Common M&E Data Quality Issues
| Issue | Example | Impact | |-------|---------|--------| | Inconsistent text formatting | "Farmer/farmer/FARMER" | Analysis counts as 3 values instead of 1 | | Typos and misspellings | "Kampal" instead of "Kampala" | Loses geographic data | | Duplicate records | Same respondent entered twice | Skewed statistics | | Inconsistent missing values | "N/A", "---", "missing", blank | Can't analyze patterns | | Mixed data types | "123" and "One Hundred" in same field | Prevents calculation | | Extra spaces | " Farmer " vs "Farmer" | Doesn't match filter criteria |
Step-by-Step Cleaning Workflow
Step 1: Initial Assessment
Before cleaning, understand the scope of the problem:
- Open your dataset in OpenRefine (File → Create Project → Select CSV/Excel)
- Use text facets on categorical columns to see all unique values. This instantly reveals inconsistencies
- Document what you find: how many unique values per column, what patterns of error exist
- Create a backup of the original file before any changes
Step 2: Standardize Text Formatting
The fastest wins come from basic text operations:
- Trim whitespace: Edit cells → Common transforms → Trim leading and trailing whitespace
- Normalize case: Edit cells → Common transforms → To titlecase (for names/locations)
- Remove special characters: Use GREL expressions for custom transformations
Step 3: Cluster Similar Values
OpenRefine's clustering feature is where the magic happens.
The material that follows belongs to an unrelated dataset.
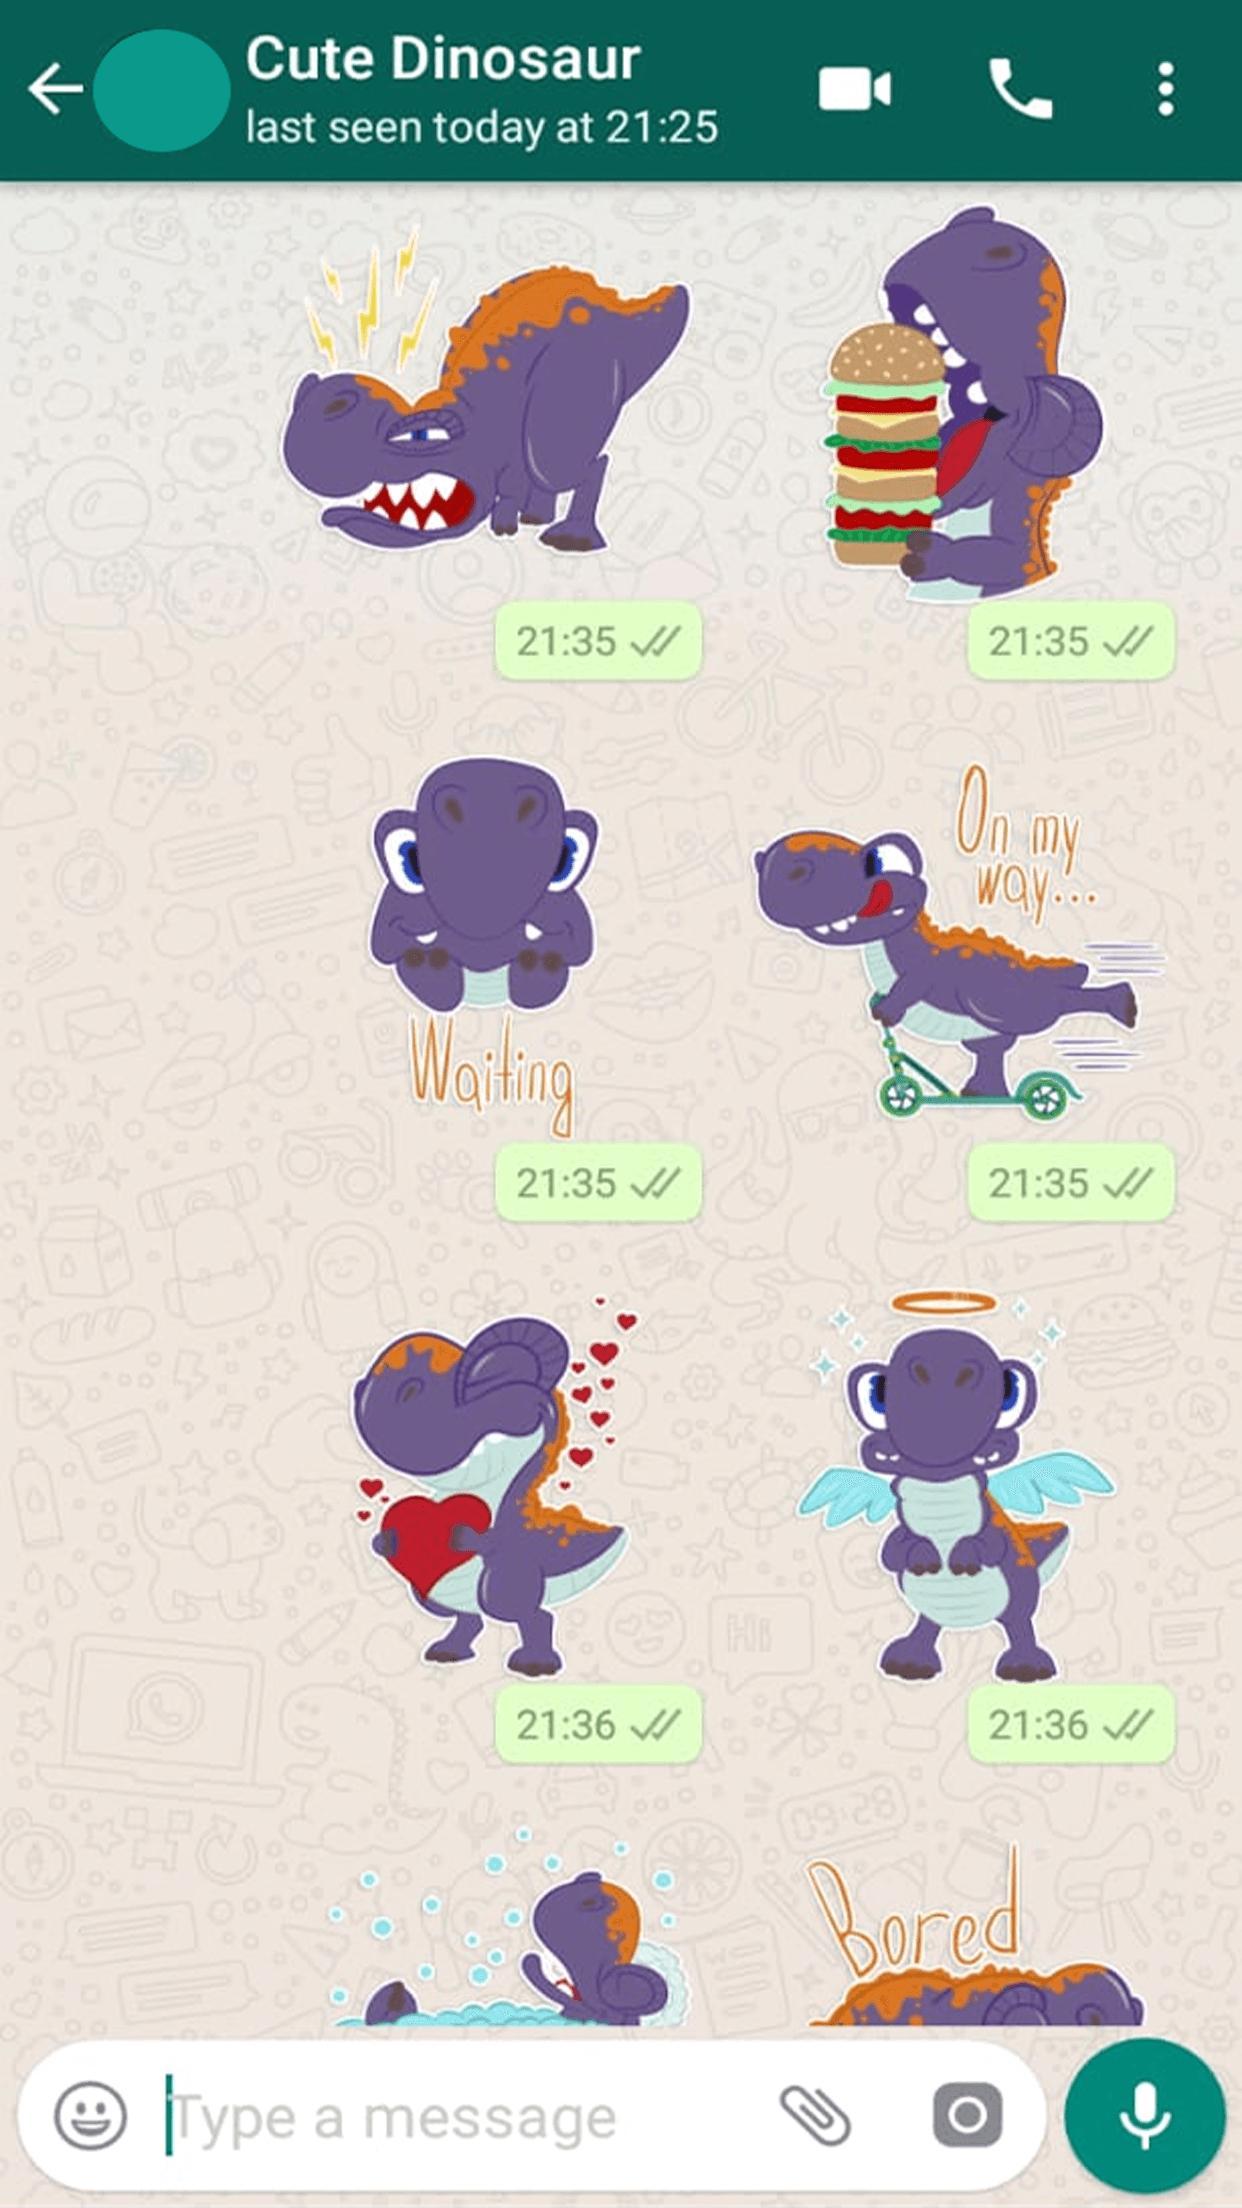 Stiker Dinosaurus Lucu Untuk Wastickerapps For Android Apk Download

It automatically identifies values that are likely the same thing spelled differently:
- Click the column dropdown → Edit cells → Cluster and edit
- Review suggested clusters: "Kampala", "kampala", "Kampla" → merge to "Kampala"
- Try different clustering methods (key collision, nearest neighbor) for different types of errors
Step 4: Handle Missing Values
Standardize how missing data is represented:
- Decide on a convention: blank cells, "NA", or a specific code your analysis tool expects
- Find all variations: facet the column and look for "N/A", "---", "missing", "unknown", "999"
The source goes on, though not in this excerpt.